DeepMind – Google’s Approach to Artificial Intelligence
Artificial intelligence is a very current topic, and we have had several posts about AI. We will mention just a few: (ChatGPT, MaxAI, VeniceAI). In this post, we focus on the projects of a company dedicated to the study of deep learning and artificial intelligence. DeepMind is a company founded in 2010 and was acquired by Google in 2014, which officially marked Google’s significant entry into this now highly relevant field.
The Origin and Development of DeepMind
The explicit idea of the DeepMind project is to use artificial intelligence to improve various areas of human life: health, work, play, etc. This would be achieved using artificial general intelligence (AGI) as opposed to narrowly specialized AI systems. DeepMind combines knowledge from mathematics, neurology, computer science, machine learning, and simulations.
Today, DeepMind consists of two major units – laboratories: Google Brain and DeepMind, which work together. Google Brain was founded in 2011 with the idea of making Google products and services accessible to as many people as possible through artificial intelligence. Its inventions include open-source programs JAX and TensorFlow. In 2017, Google Brain invented the Transformer architecture, which is the basis of most language models today.

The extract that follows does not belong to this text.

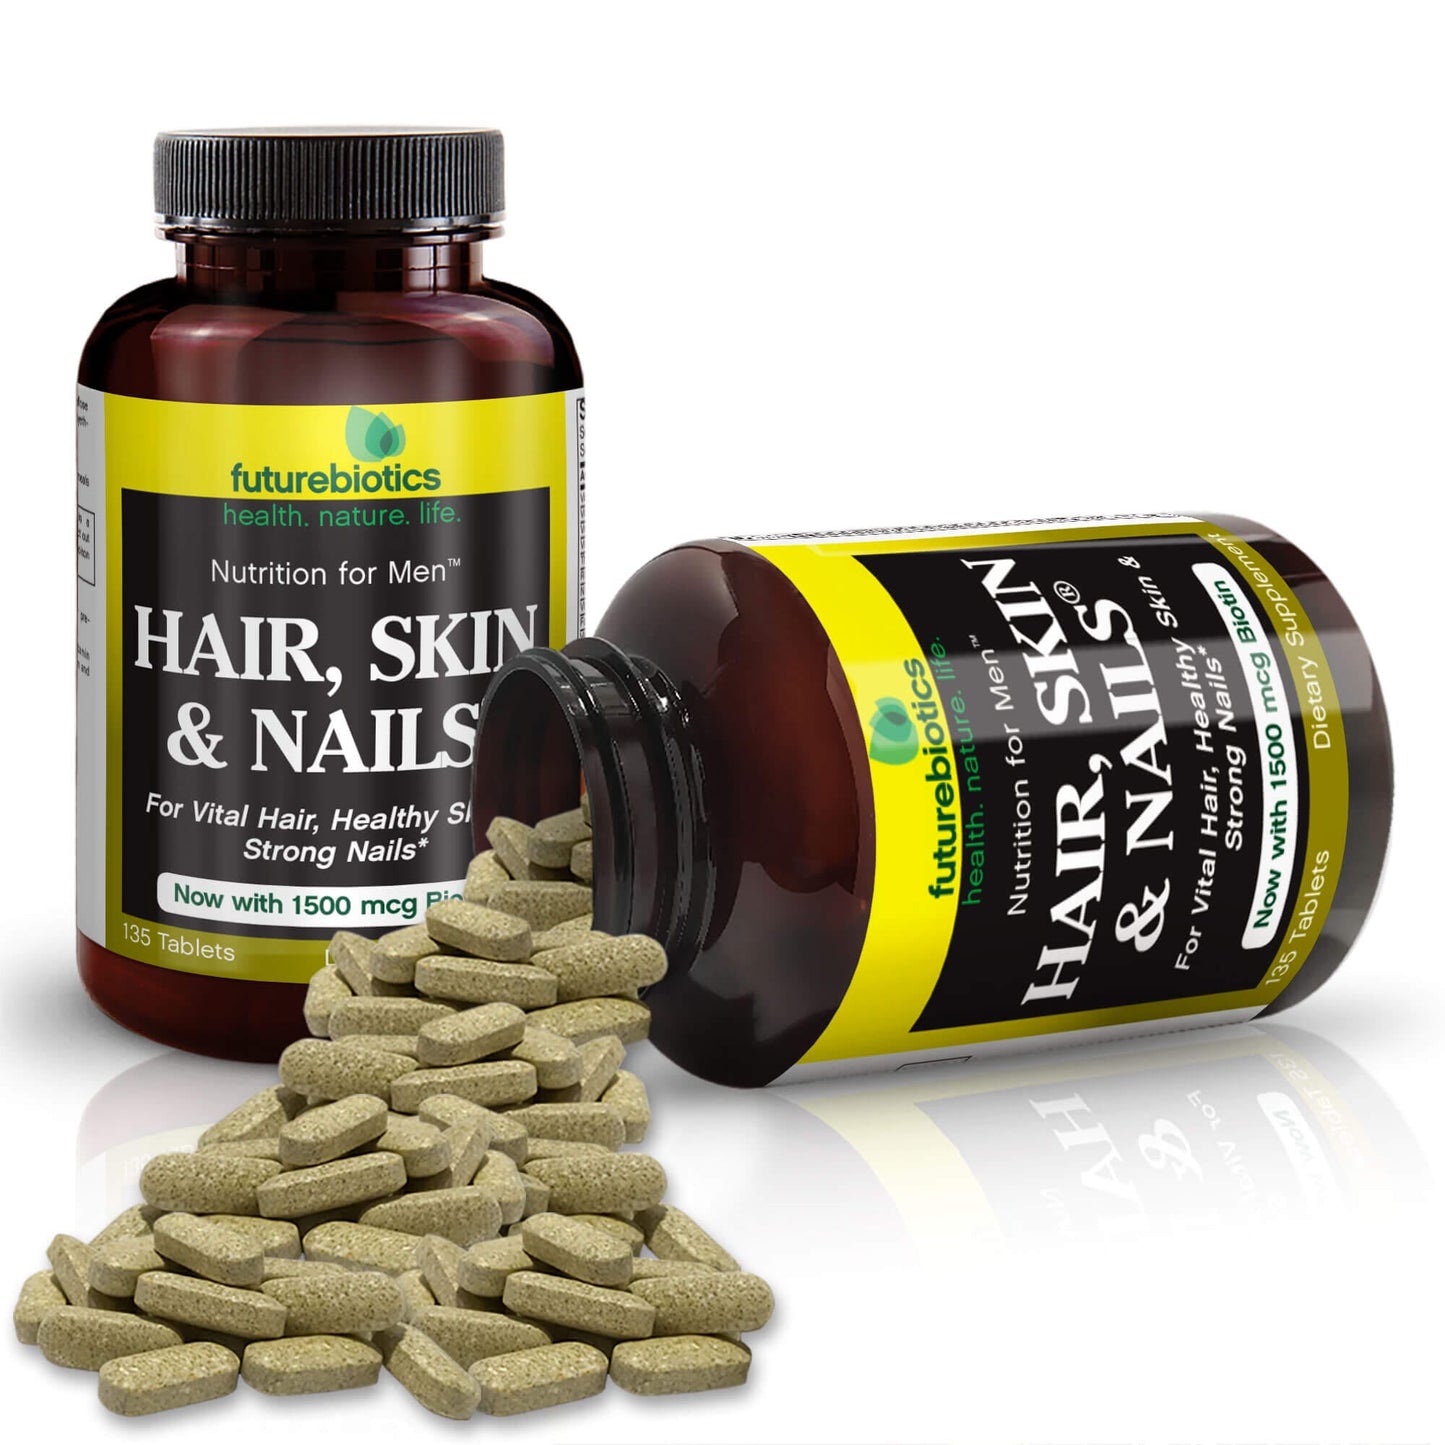 Futurebiotics Hair, Skin, & Nails Nutrition for Men, 135 Tablets
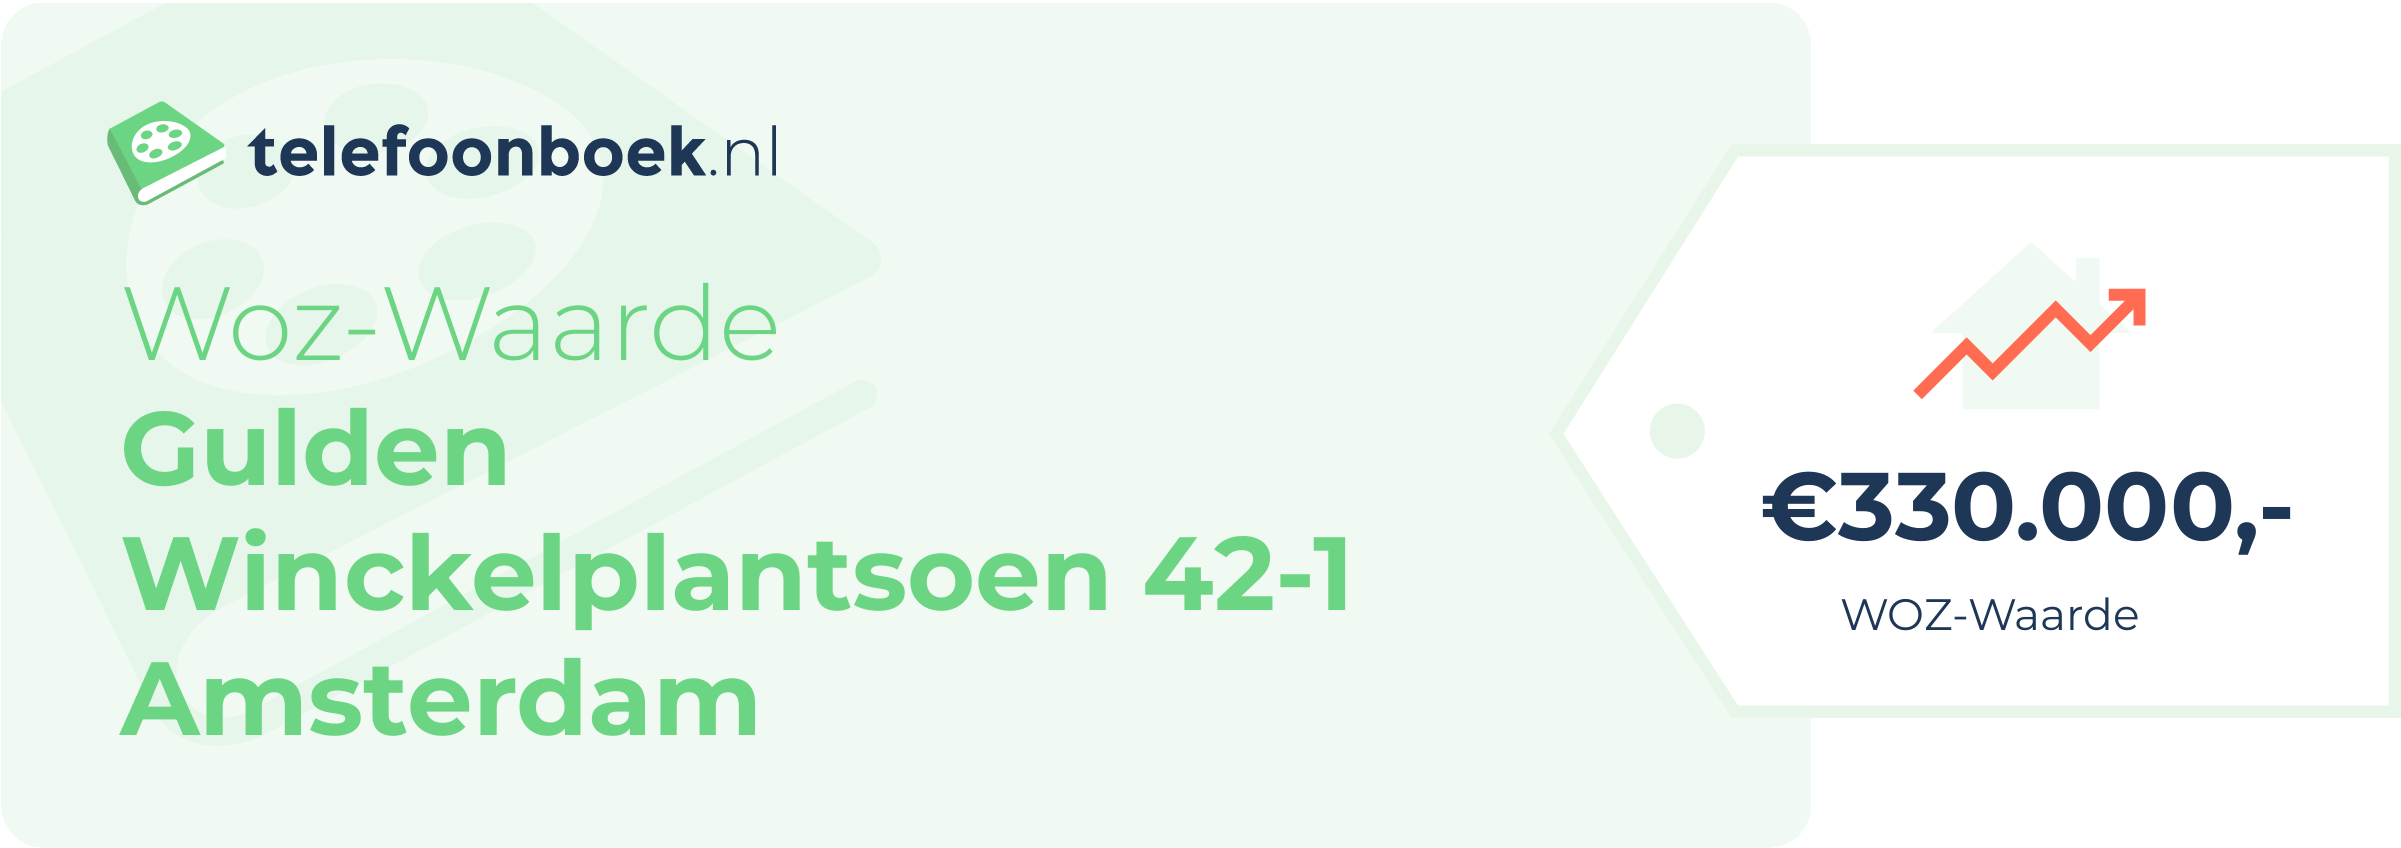 WOZ-waarde Gulden Winckelplantsoen 42-1 Amsterdam

DeepMind has had a large number of more or less significant projects. Here are just a few of the most successful ones:
AlphaGo is a program that uses AI to play Go (this strategy game is considered more complex than chess in terms of possible moves). In 2016, AlphaGo managed to defeat the world champion.
AlphaGo Zero learned to play Go solely based on artificial intelligence, without any human-provided procedures.
AlphaCode is a tool for autonomous programming with results that often surpass human capabilities. It has won programming competitions.
AlphaFold predicts the 3D structure of proteins from amino acid sequences, making a significant contribution to medicine, biology, and pharmacy. AlphaFold Database is a database with predicted 3D protein structures.
DeepMind Health collaborates with hospitals in the UK, assisting in diagnosing and predicting various diseases, thereby aiding healthcare.
WaveNet generates realistic human speech, changing the way we interact with computers.
Gato is an example of artificial general intelligence (AGI) that can create text, play games, or manipulate objects.
The part of the DeepMind company visible to the public directs its development in three main directions, which we will briefly present:
DeepMind assistant – Gemini
Gemini is a new version of a digital assistant that provides a wide range of services using artificial intelligence. It is used for internet searches, where questions can now be formulated in natural human language. Gemini also serves as a translator, somewhat like an enhanced Google Translate. You can converse with Gemini like any other AI chatbot. It can answer complex questions and assist with various tasks by providing advice, reminding you of obligations, or writing emails independently. Gemini is trained on a large amount of data to recognize the context of questions well. The model is constantly updated and belongs to the group of comprehensive assistants.
Project Astra is based on the Gemini model. The idea is to use artificial intelligence, cameras, speakers, and other inputs to locate objects in the environment and help optimize their use.
DeepMind image generator – Imagen 3
Imagen 3 is Google’s model for generating images from text. It is capable of creating more realistic details and managing lighting well. It has a wide range of visual styles and can produce simple sketches or high-resolution images. Currently, it is in the pre-release phase within ImageFX. It understands textual descriptions given by the user well and embeds a watermark at the pixel level that the human eye cannot see. Much work has been done on query filters to increase the safety of the output images’ content. Imagen 3 is expected to become widely used in a broad spectrum of Google services and products soon.
DeepMind video generator – Veo
Veo is Google’s new model for generating video content. It creates high-resolution videos that can last longer than a minute. Like the previous two models, it is based on a good understanding of natural language. As input, besides text, you can use an image or a combination of image and text. Veo applies a range of cinematic styles and follows textual queries to the finest details. It is not yet publicly available, and interested parties can join a waiting list. Its application is expected to be found in many areas, from visual storytelling to education.
The Future of DeepMind
It is evident that AI systems are now solving tasks that were recently considered unattainable for humans, let alone machines. This brings up several important issues, such as job loss, potential misuse, and ethical concerns. DeepMind has a dedicated ethics team, emphasizing awareness of these ethical issues. They strive to reduce their energy footprint and contribute to sustainable development, which is very much in vogue now.
The competition in the AI market is currently fierce, and it will undoubtedly become even more intense in the future. It is clear that DeepMind will do everything to remain at the forefront of the AI revolution, regardless of ethics, sustainable development, and energy footprint. The open question remains: Does DeepMind, backed by the power of the company behind it, contribute to overall progress, or does it stifle and buy out the ideas of other creative individuals and companies?
With these three current projects, DeepMind has positioned itself in the most attractive part of the AI market. In the coming period, we can expect significant integrations of artificial intelligence with robotics and medicine. Google will certainly not miss these changes.